"Son ırmak kuruduğunda, son ağaç yok olduğunda, son balık öldüğünde, beyaz adam paranın yenmeyecek bir şey olduğunu anlayacak"

13 Mayıs 2010 Perşembe

İsim Değiştirme Hastalığı


İşin suyunu çıkartıp birde üstüne limon sıkmakta üstümüze yok sanırım.

İstanbul Belediyesi ve Meclis Üyeleri verilen bir öneriyi kabul etmişler. Yakında

Taksim meydanın isimi 1 Mayıs Meydanı olarak değiştirilecekmiş.

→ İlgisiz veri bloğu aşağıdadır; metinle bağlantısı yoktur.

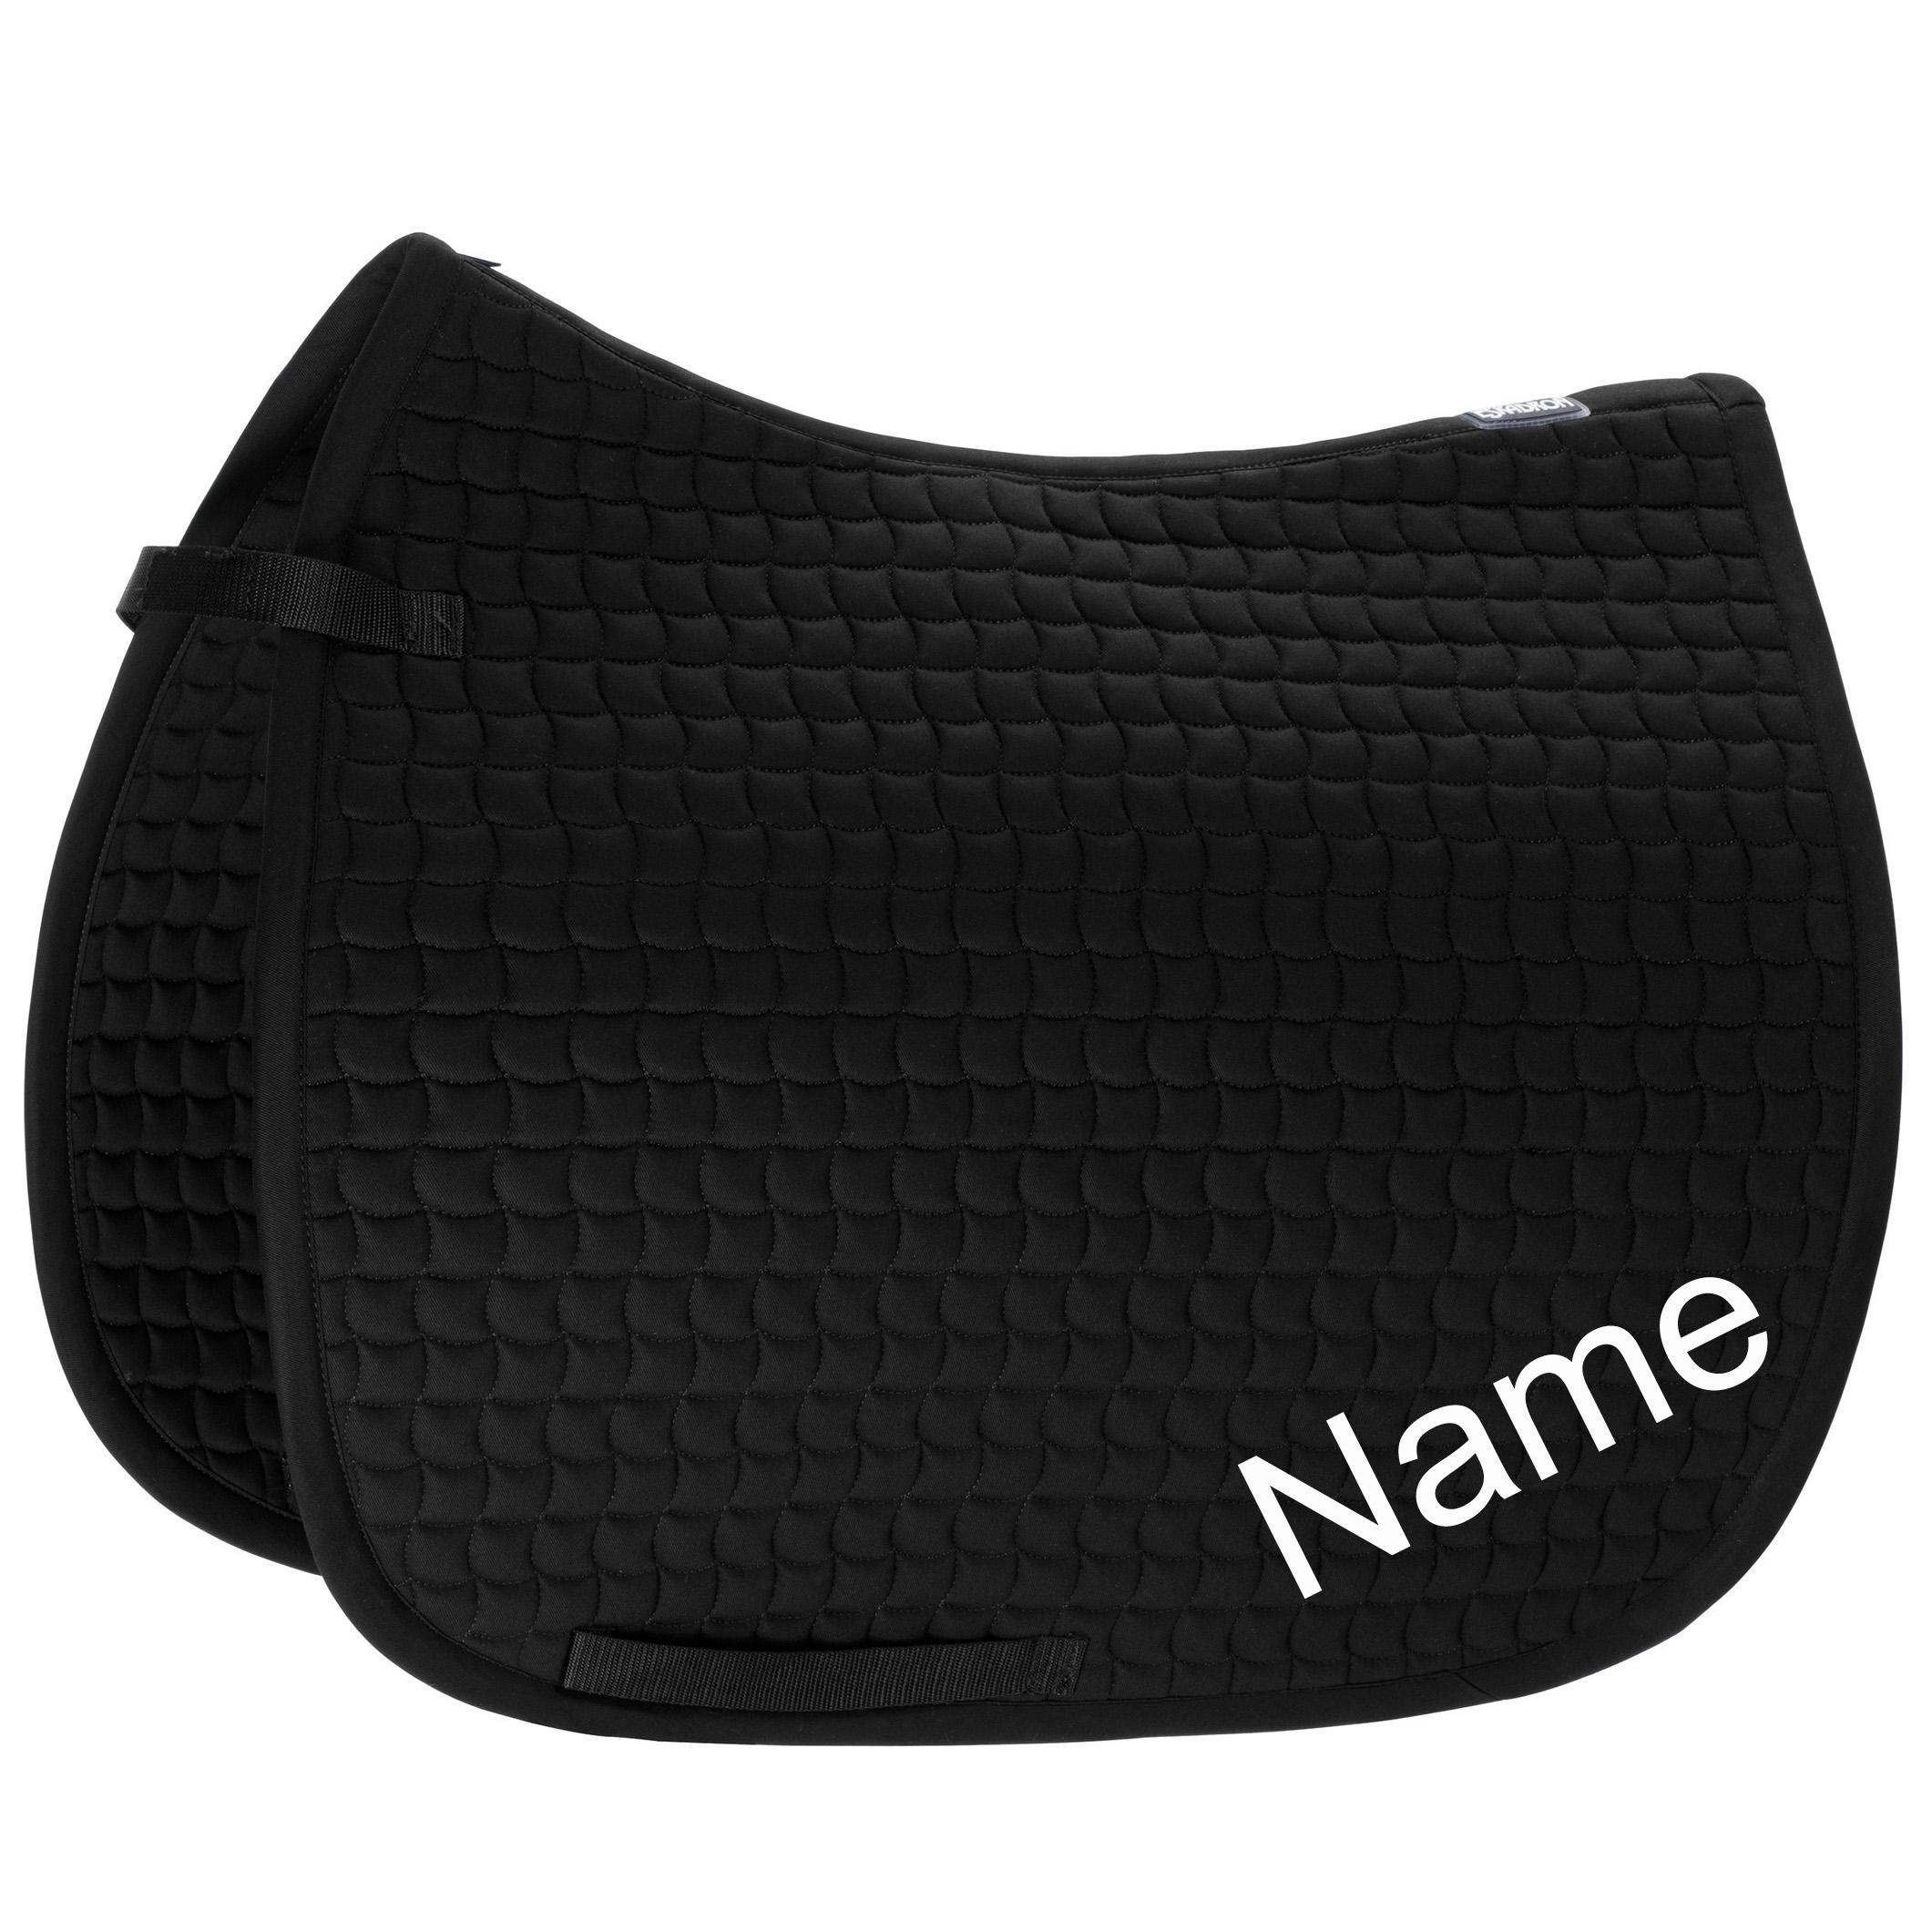 ESKADRON schwarz Cotton Dressur-Schabracke mit individuellem Namen bestickt

İlk bakışta çok sempatik gelebilir birçoğuna.

Ama ne alaka diyorum.

Evet ne alaka.

Tamam 1 Mayıs’ın işçi sınıfı için çok büyük bir önemi var.

Ve Türkiye işçi sınıfı içinde Taksim meydanının çok büyük bir anlamı var.

Eğer öyle olmasaydı 30 yıldan beri Taksim Meydanı için verilen mücadele de olmazdı.

Ama nedense bizde bir isim değiştirme hastalığı aldı başını gidiyor.

Doğu ve Güneydoğu da zorla göç ettirilip insanlar, sonrada binlerce yıldan beri yaşadıkları beldelerin, köylerin ve mezralarının ismini değiştirmeyle başladı.

Ama gelinen aşama da artık her yani gelen belediye hızını alamayıp geldiği günün ertesinde gözüne kestirdiği yerlerin isimlerini değiştirmek için adeta bir savaş veriyor.

Ve bu izni bu belediye başkanlarına ve belediye meclis üyelerine kanunlar neden verir onu da anlamış değilim.

Binlerce yıldan beri süre gelen isimler kime rahatsızlık verir de isimlerini değiştirmek için koca koca “adamlar” çok büyük bir iş yapıyormuş gibi, belediye meclis defterlerine altın harflerle yazarlar bunu.

Ama hiç düşünmezler, o değiştirilen ismin bir tarihi özelliği var mı? Neden koyulmuş o isim diye.

Artık değiştirilmeyen cadde ve sokak ismi bile kalmadı. Postacılar bile adresi bulmak için orada yaşayan vatandaşlara sorma ihtiyacı hissediyorlar.

Muhtarlar desen onlar kendinden habersiz ki, sorumlu olduğu sokağın ve caddenin ismini bilisin.

Gelelim Taksim meydanına, neden oraya taksim denmiş.

Taksim Meydanı, İstanbul'un Beyoğlu ilçesinin ve İstanbul kentinin en ünlü meydanıdır.

Meydan adını, eskiden Galata-Beyoğlu ve çevre yerlerinin suyunun "Taksim edildiği" bir yer olduğu içinde oraya Taksim meydanı denmiştir. Yani adını “Taksim Maksemi”n den almıştır.

Adını tarihi bir yaşanmışlıktan almıştır.

Tamam işçi sınıfının çok bedel verdiği bir yerdir, bunu kimse inkar edemez. Ama sadece Taksim meydanında işçi sınıfı bedeller vermemiştir. İşçi sınıfının yaşadığı her yer işçi sınıfının mücadelesi sonucunda az veya çok bir takım bedellerin verildiği yerler olmuştur.

Bu mantıkla baktığımız zaman o zaman her yerin adını değiştirip orada yaşanan bir takım olaylara atfedilerek yeni isimler vermek gerekir ki, bu da abesle iştigalden başka bir şey değildir.

Sonuç olarak; 1 Mayıs İşçi Bayramını nerede olursan ol, anmak için buluşulduğunda zaten herkesin aklına Taksim meydanı geliyor. Ayrıca Taksim meydanının ismini 1 Mayıs Meydanı olarak değiştirmek, Türkiye işçi sınıfına yapılacak olan en büyük kötülük olur.

Kim bilir yapılmak istenen de budur.

Hiç kimse Taksim Meydanını adı değiştirilip 1 Mayıs Meydanı yapıldığında zafer çığlıkları falan atmaya kalkmasın.

Çünkü bu bir zafer olmayacak.

Aksine şimdiye kadar verilen mücadelenin değerini anlamsızlaştıracak. Ölenler Taksim meydanında öldü, 30 yıldan beri verilen mücadelede Taksim Meydanı için verildi. İsmini değiştirmek için değil.